話を聞く。それが今、私がしなきゃいけないことだ。

 

 

「まず、花房雪は本当に可愛がられているわ。それは間違いない」

 

「けれど、それをよく思わない者もいた」

 

 

それが正藤ってことか。

でも、可愛がられてるってだけで殺そうとする?

しかも、あのユキを。

 

 

「『堕雪』……貴女もそれを知っているわよね」

 

「!」

 

「正藤は花房雪と『堕雪』を同一視しているの。呪霊が花房家に存在すること自体、彼にとって忌むべきことなのよ」

 

 

ユキとあの呪霊を同一視?

ありえない。ユキはユキ以外の何者でもないというのに。

 

 

「…………愚かな」

 

「………………ここからが本題よ。

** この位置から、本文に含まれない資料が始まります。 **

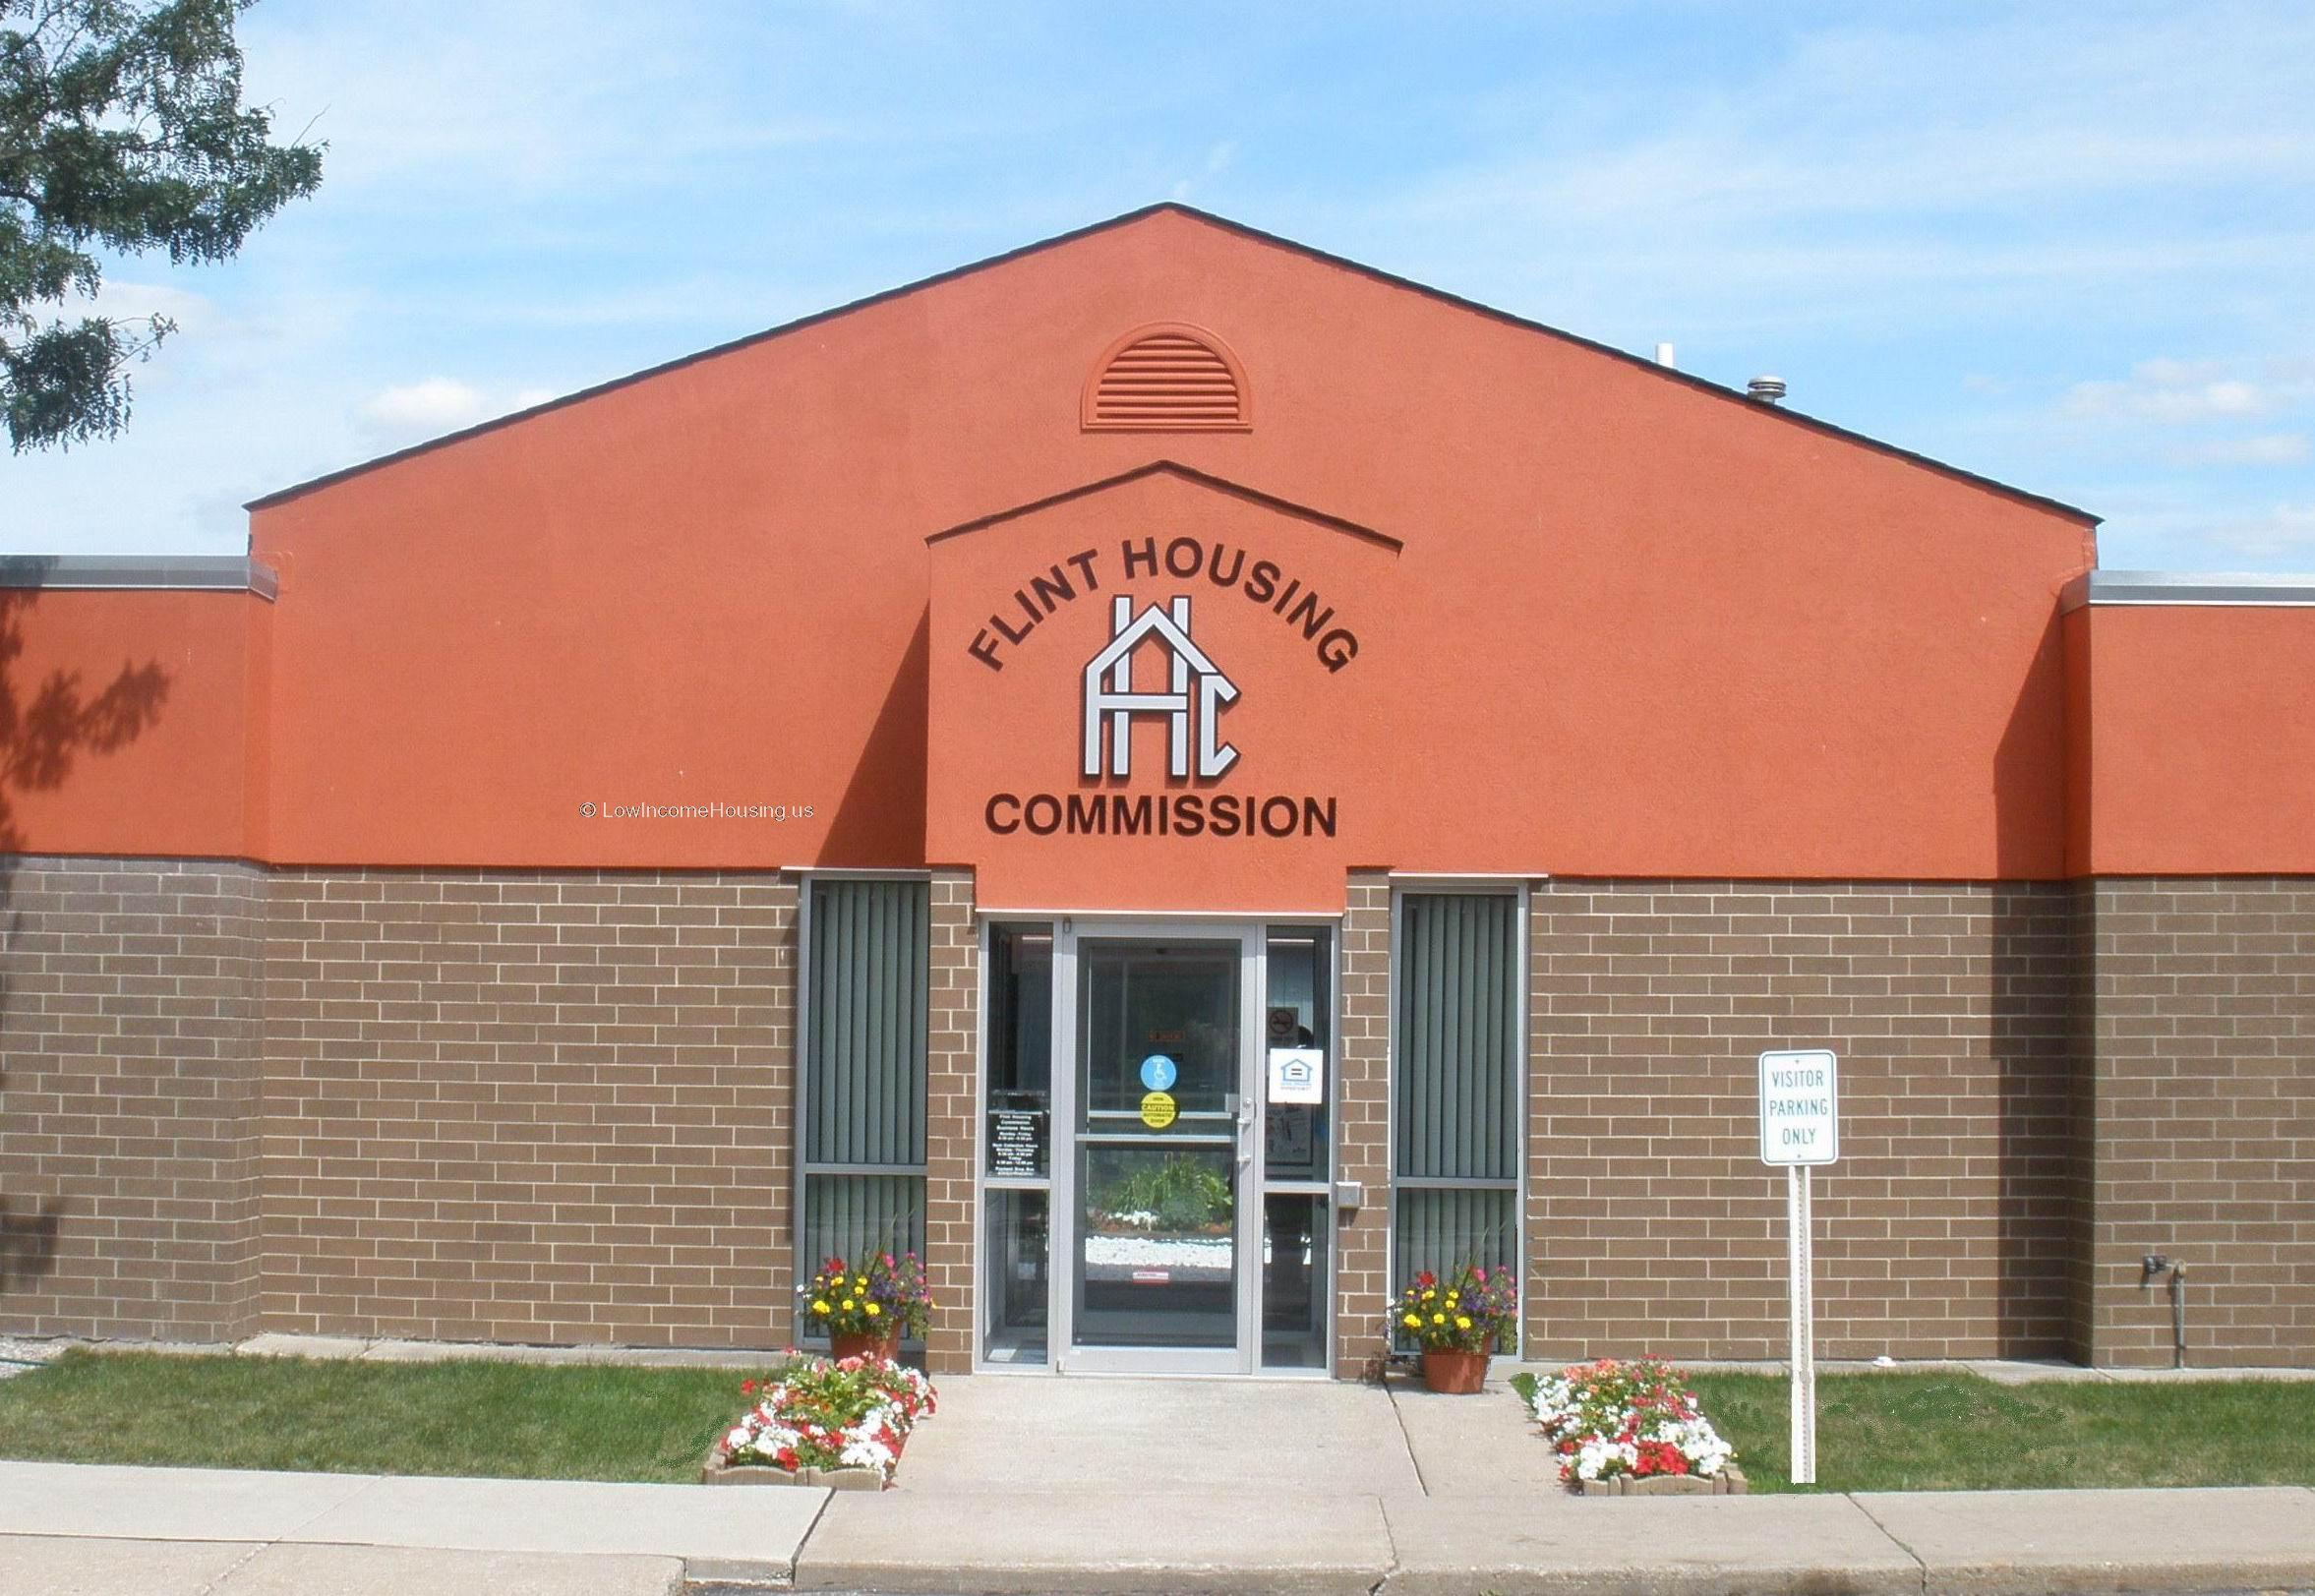 Flint Housing Commission

正藤は『両面宿儺の指』を雪に取り込ませようとしている」

 

「あ?」

 

「それで『堕雪』を表に引き摺りだして、自らの手で祓おうとしているの」

 

 

その後も女の説明は続く。

実の兄である一級術師・花房在藤(はなぶさありふじ)が、他の一級術師が正藤を見つけ出す前に、彼を始末しようと動いていること。

正藤の術式の対処法。

だけど、やるべきことがハッキリした今の私にはそんなことはどうでもよかった。

大事なのはひとつだ。

 

 

 

「……そいつは」

 

「ユキを殺そうとしている」

 

「それで間違いない?」

 

 

「そうね、間違いない。誓って嘘は吐いてないわ」

 

 

それだけハッキリすれば十分。

つまり、『両面宿儺の指』を強奪した花房正藤は私の敵だ。

つまり、私が殺すしかない。

 

 

 

ーーーー美澄は知り得ない独り言ーーーー

 

 

「よろしくね、草木美澄ちゃん」

 

 

美澄が去った後、女は呟いた。

薄い笑みを浮かべて。

さらに、彼女はかけていた眼鏡を外し、左目を隠すように覆う。

 

 

「しかし、凄い呪力量ね。見てるだけで目に負担がかかるわ」

 

「それにあの『術式』……あれは雪を守るために使ってもらわなきゃね」

 

 

日が沈み、辺りは暗くなる。

その中で彼女の左目だけが怪しく輝いていた。